§ Items from a dataset:
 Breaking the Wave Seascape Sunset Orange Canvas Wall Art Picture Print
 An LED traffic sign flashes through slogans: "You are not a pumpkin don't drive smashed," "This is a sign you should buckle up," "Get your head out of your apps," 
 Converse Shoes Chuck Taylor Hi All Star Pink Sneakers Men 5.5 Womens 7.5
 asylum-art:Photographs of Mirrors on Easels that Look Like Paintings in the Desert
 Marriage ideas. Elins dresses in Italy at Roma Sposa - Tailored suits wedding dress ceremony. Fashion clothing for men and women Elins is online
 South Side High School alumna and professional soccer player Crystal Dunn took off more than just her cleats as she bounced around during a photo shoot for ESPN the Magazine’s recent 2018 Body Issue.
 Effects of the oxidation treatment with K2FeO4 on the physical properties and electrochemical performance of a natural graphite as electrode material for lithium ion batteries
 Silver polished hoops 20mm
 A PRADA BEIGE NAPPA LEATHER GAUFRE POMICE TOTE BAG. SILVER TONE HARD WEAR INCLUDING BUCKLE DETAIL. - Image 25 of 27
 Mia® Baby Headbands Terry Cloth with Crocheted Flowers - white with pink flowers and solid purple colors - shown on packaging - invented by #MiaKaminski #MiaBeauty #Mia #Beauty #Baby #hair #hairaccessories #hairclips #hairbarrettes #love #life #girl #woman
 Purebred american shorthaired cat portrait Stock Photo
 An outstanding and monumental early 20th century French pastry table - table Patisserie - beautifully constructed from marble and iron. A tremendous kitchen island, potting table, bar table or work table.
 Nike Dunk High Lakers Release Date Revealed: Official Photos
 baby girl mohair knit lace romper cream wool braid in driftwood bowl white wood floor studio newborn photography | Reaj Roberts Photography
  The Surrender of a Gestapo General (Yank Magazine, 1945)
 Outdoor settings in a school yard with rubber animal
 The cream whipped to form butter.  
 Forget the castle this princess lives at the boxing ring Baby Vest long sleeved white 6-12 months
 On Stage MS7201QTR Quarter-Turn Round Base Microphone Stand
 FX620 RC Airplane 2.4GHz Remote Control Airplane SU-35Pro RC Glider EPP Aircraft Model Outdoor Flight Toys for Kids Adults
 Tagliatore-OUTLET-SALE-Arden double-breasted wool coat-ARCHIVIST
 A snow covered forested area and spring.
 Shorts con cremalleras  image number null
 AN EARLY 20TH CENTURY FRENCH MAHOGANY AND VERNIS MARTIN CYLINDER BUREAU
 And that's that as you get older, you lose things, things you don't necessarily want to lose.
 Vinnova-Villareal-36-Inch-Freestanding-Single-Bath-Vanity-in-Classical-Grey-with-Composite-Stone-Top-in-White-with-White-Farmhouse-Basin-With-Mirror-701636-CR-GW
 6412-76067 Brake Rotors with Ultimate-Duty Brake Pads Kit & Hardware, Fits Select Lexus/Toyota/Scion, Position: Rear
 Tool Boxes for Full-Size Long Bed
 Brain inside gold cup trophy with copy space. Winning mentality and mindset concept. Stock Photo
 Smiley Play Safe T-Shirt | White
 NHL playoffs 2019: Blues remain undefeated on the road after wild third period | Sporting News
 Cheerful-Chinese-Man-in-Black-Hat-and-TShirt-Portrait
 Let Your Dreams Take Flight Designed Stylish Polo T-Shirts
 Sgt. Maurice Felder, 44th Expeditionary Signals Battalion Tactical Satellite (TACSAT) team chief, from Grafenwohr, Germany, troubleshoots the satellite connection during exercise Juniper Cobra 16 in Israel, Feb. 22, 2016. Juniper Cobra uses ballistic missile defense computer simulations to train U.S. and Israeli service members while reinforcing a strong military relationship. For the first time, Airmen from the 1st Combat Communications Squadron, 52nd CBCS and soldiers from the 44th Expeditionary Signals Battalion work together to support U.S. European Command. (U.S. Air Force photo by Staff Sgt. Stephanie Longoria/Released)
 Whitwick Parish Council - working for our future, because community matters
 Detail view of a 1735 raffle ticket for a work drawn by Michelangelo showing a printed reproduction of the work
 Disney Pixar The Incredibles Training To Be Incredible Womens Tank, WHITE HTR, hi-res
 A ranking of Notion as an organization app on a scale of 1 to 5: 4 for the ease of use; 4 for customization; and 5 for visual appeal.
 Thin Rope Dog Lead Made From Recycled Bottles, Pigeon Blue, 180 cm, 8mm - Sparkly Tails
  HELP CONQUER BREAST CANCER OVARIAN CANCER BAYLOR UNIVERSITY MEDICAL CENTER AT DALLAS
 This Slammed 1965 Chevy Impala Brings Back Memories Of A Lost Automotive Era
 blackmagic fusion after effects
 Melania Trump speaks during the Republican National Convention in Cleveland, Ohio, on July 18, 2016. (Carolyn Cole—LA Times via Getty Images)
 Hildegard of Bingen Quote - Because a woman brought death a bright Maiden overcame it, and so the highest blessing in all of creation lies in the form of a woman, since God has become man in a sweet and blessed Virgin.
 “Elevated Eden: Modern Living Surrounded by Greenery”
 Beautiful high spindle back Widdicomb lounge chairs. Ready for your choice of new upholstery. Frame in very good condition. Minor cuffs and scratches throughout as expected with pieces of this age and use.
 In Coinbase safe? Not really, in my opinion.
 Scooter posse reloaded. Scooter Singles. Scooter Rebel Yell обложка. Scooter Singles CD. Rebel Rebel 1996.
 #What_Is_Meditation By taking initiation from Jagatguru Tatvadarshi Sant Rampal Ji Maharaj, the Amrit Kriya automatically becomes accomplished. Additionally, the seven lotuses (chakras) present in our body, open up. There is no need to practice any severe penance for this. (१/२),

§ Exercise brief:
All lines from the top of the data through the line containing "A PRADA BEIGE" need to be retyped exactly, and nothing more.

§ Result of this exercise:
 Breaking the Wave Seascape Sunset Orange Canvas Wall Art Picture Print
 An LED traffic sign flashes through slogans: "You are not a pumpkin don't drive smashed," "This is a sign you should buckle up," "Get your head out of your apps," 
 Converse Shoes Chuck Taylor Hi All Star Pink Sneakers Men 5.5 Womens 7.5
 asylum-art:Photographs of Mirrors on Easels that Look Like Paintings in the Desert
 Marriage ideas. Elins dresses in Italy at Roma Sposa - Tailored suits wedding dress ceremony. Fashion clothing for men and women Elins is online
 South Side High School alumna and professional soccer player Crystal Dunn took off more than just her cleats as she bounced around during a photo shoot for ESPN the Magazine’s recent 2018 Body Issue.
 Effects of the oxidation treatment with K2FeO4 on the physical properties and electrochemical performance of a natural graphite as electrode material for lithium ion batteries
 Silver polished hoops 20mm
 A PRADA BEIGE NAPPA LEATHER GAUFRE POMICE TOTE BAG. SILVER TONE HARD WEAR INCLUDING BUCKLE DETAIL. - Image 25 of 27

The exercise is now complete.